%%
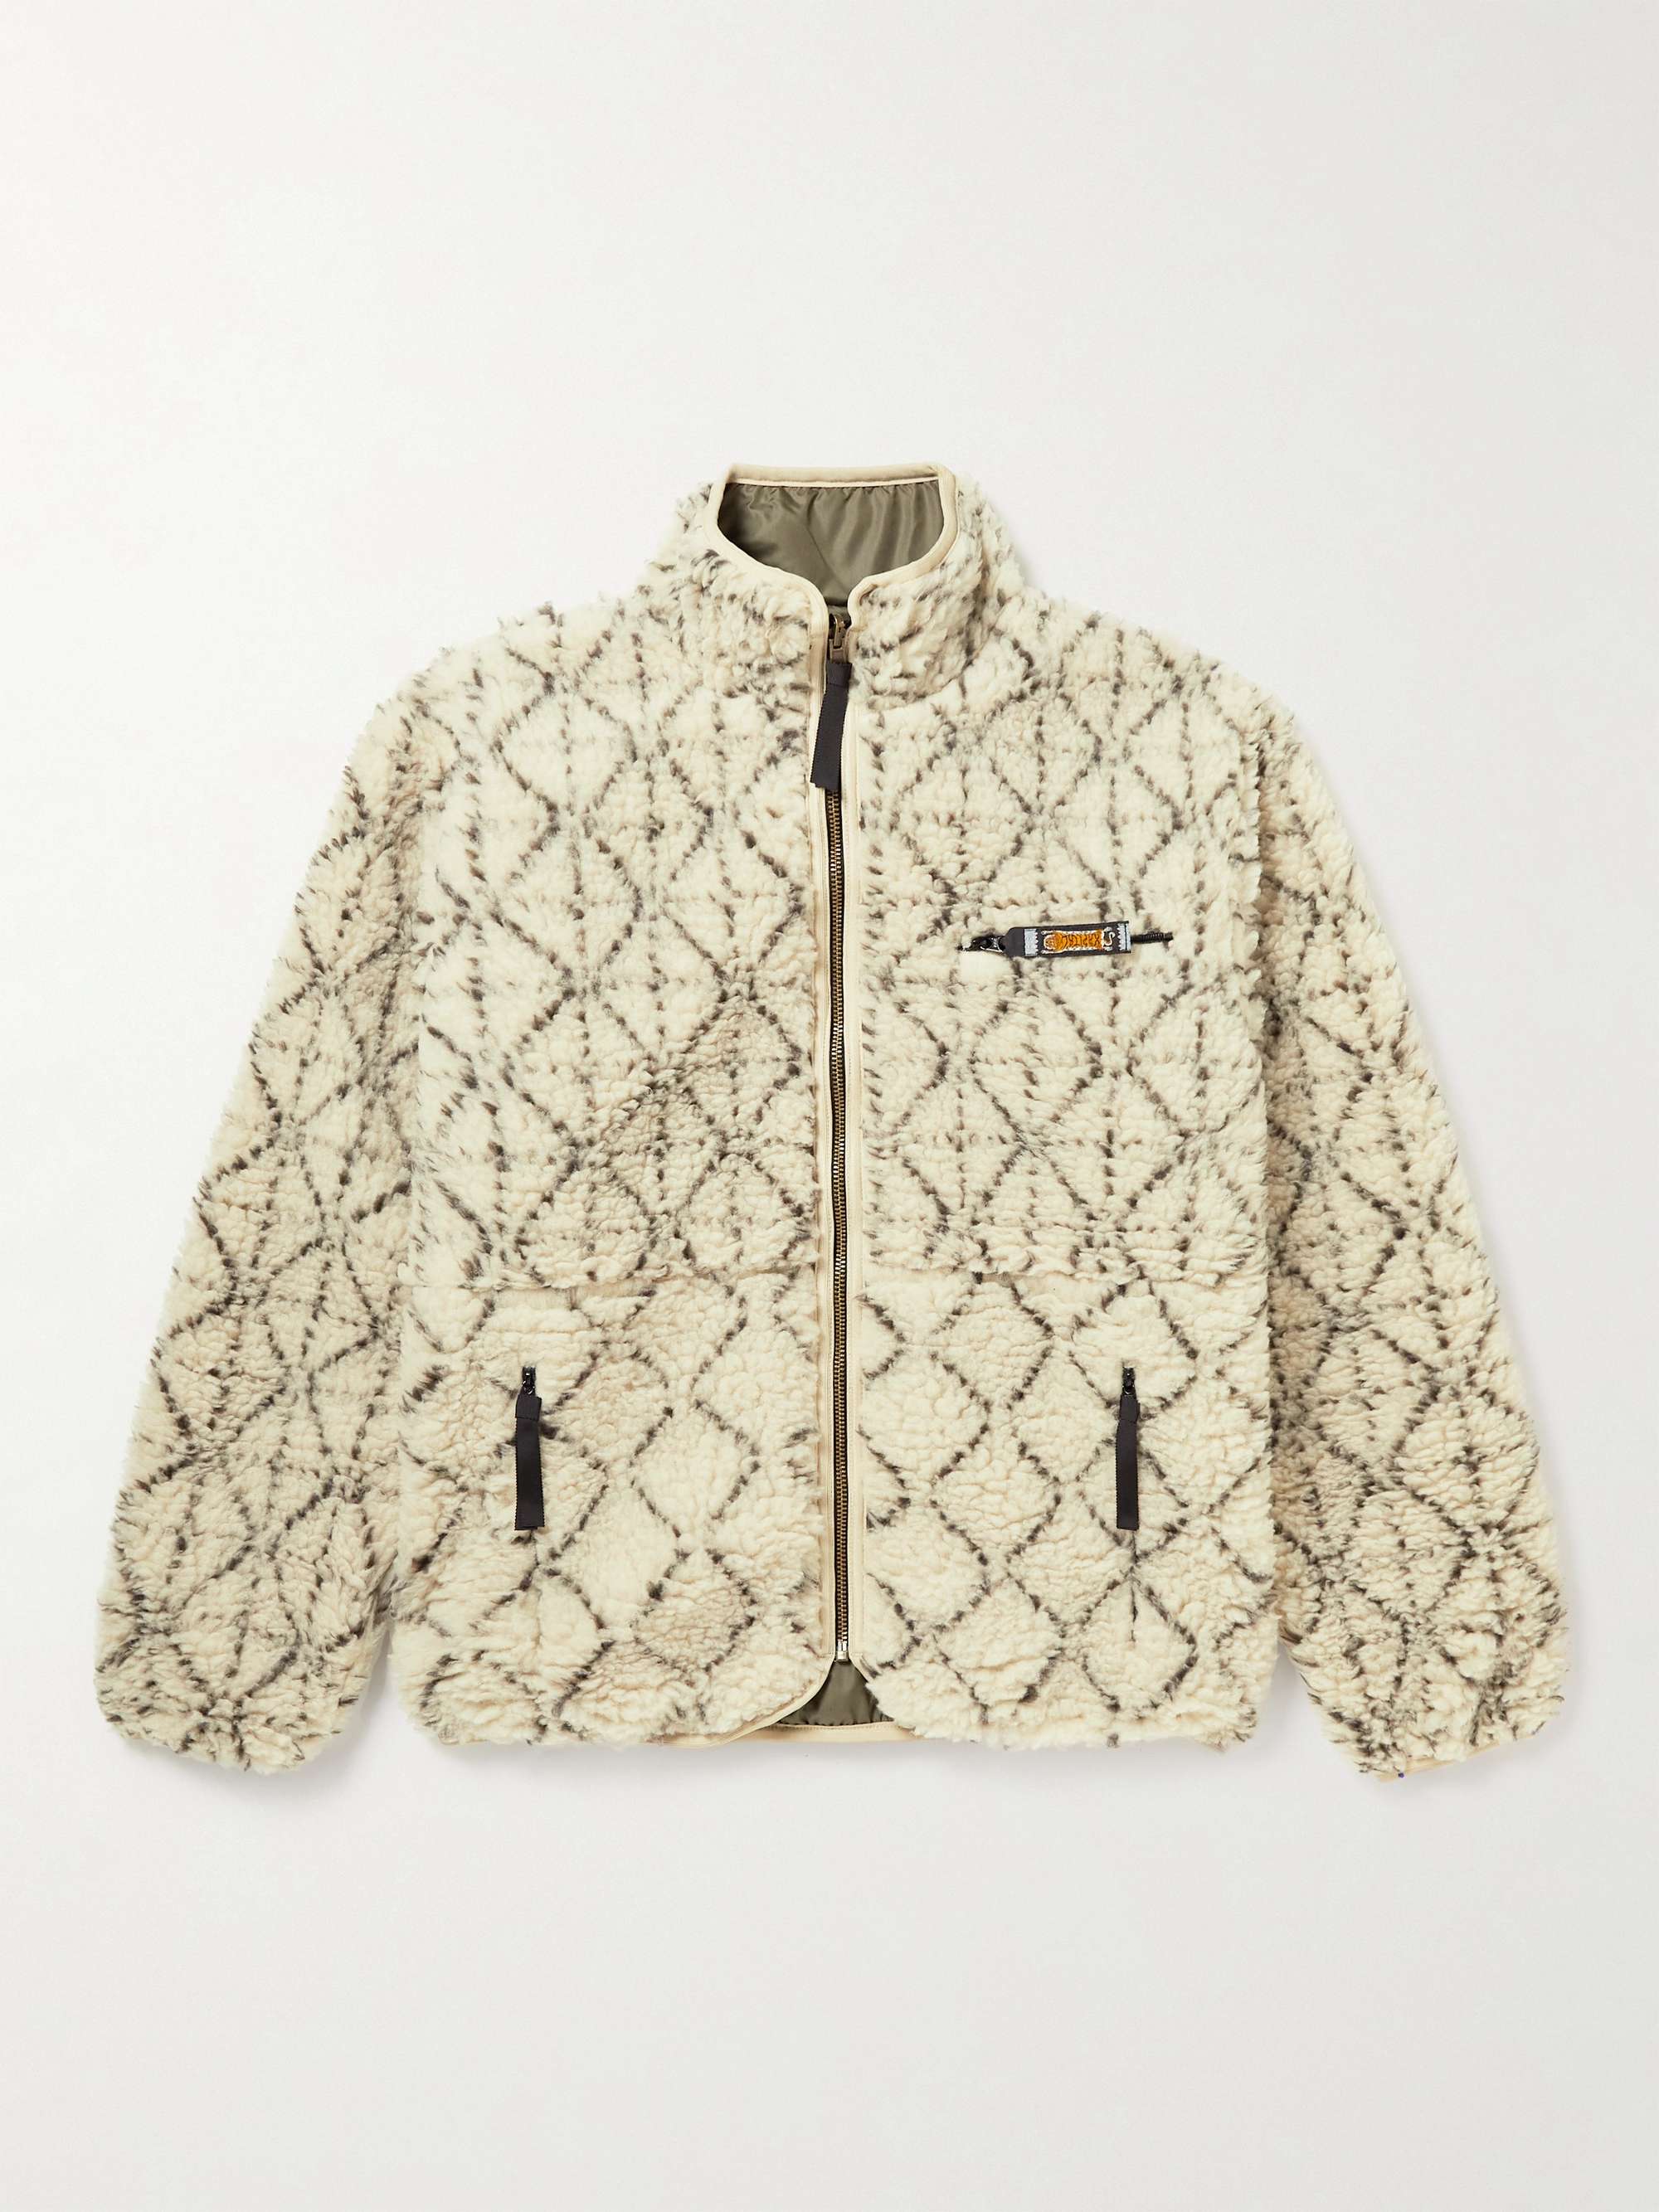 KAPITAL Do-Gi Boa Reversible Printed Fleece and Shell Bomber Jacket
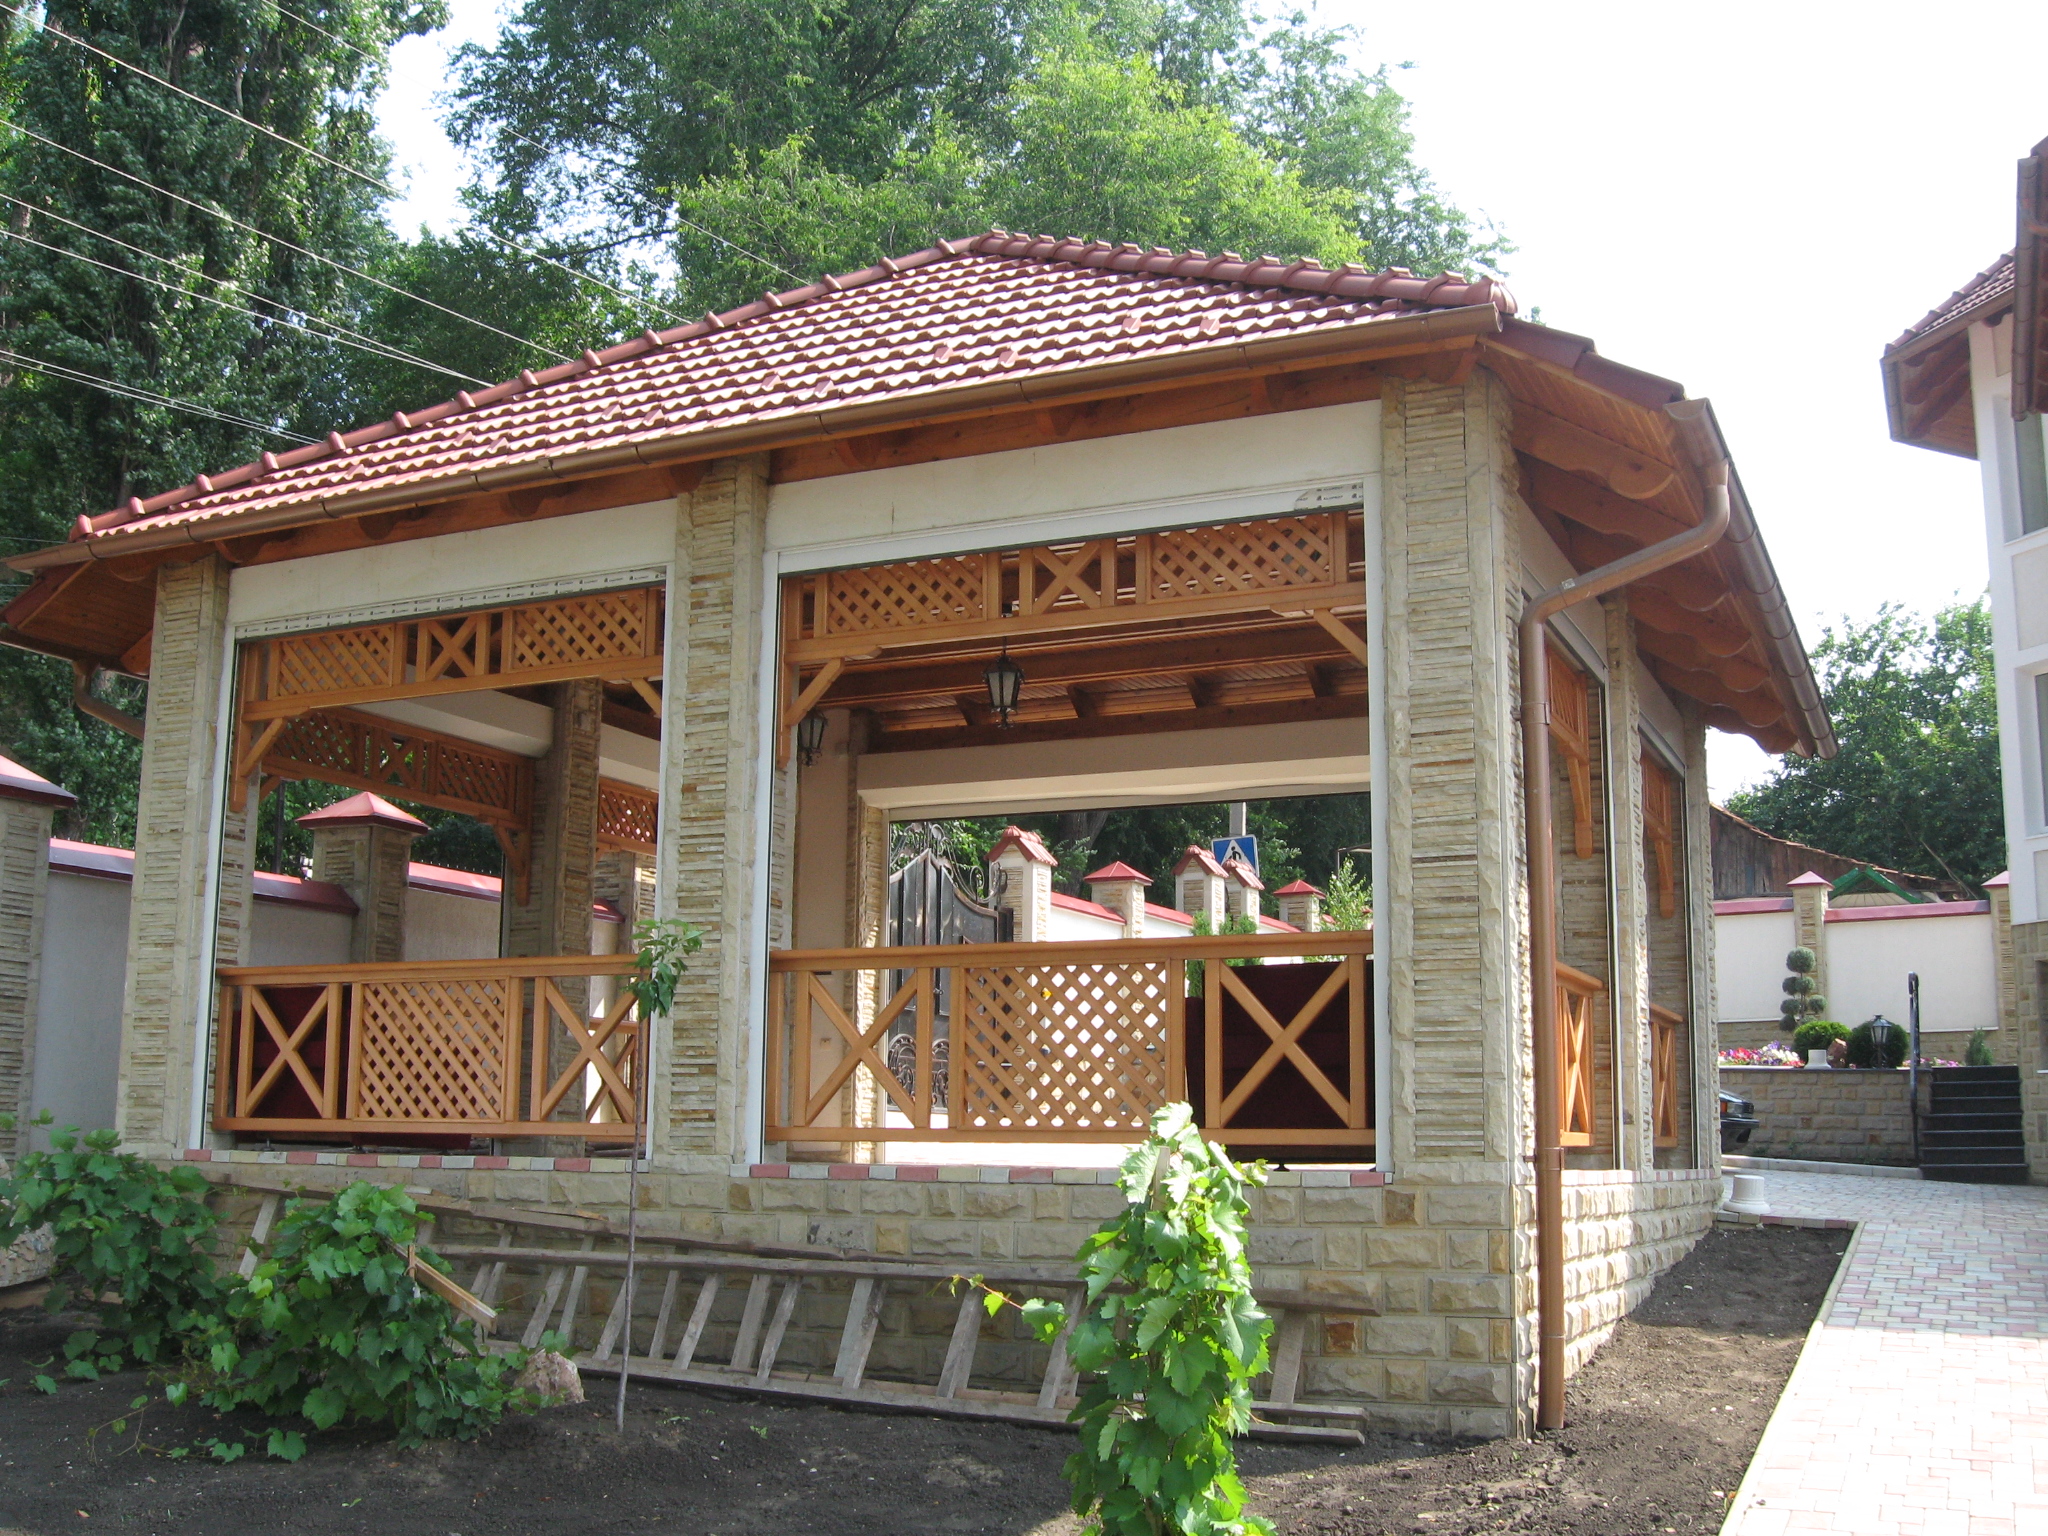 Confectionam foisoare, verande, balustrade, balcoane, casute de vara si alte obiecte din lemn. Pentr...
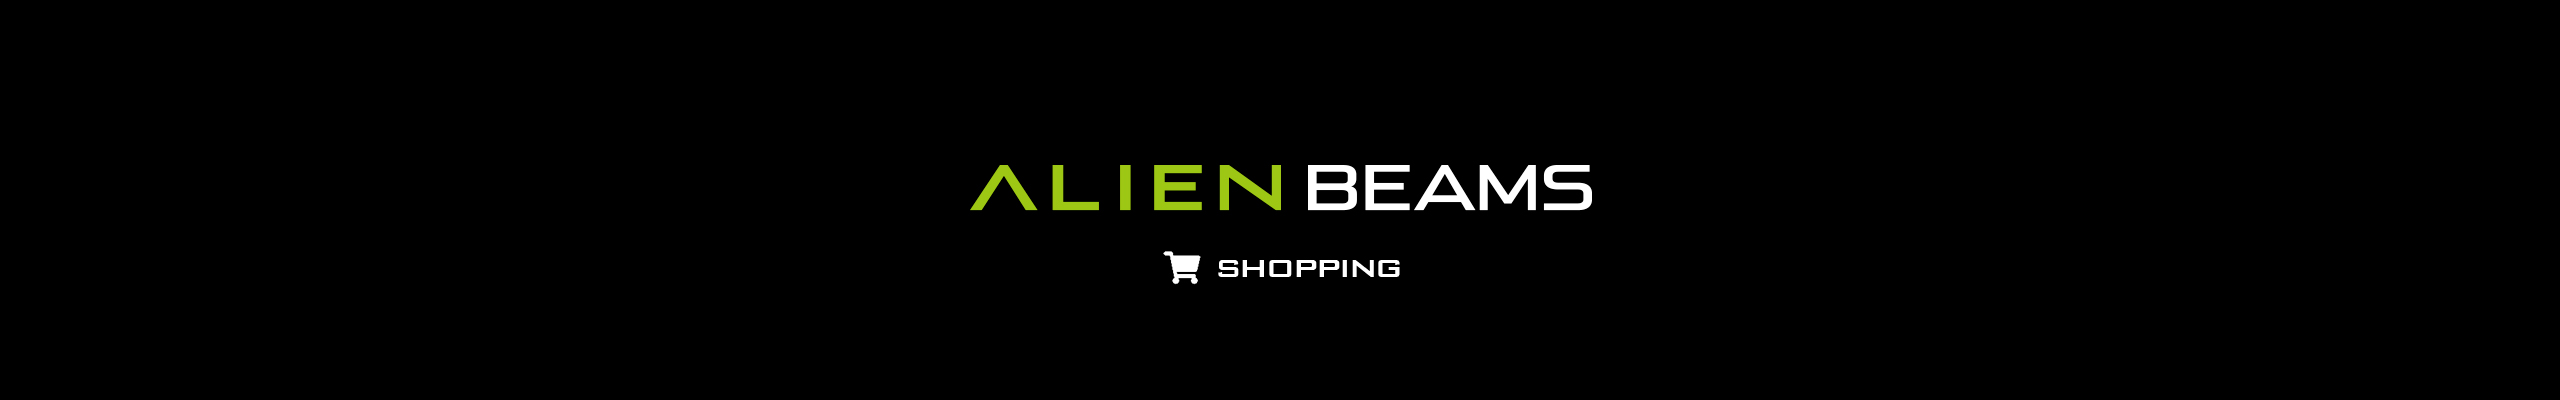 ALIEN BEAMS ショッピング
%%
TASK DIRECTIONS:
Please make an exact copy of the whole listing and leave out its pictures.

OUTPUT OF THE EXERCISE:
 KAPITAL Do-Gi Boa Reversible Printed Fleece and Shell Bomber Jacket
 Confectionam foisoare, verande, balustrade, balcoane, casute de vara si alte obiecte din lemn. Pentr...
 ALIEN BEAMS ショッピング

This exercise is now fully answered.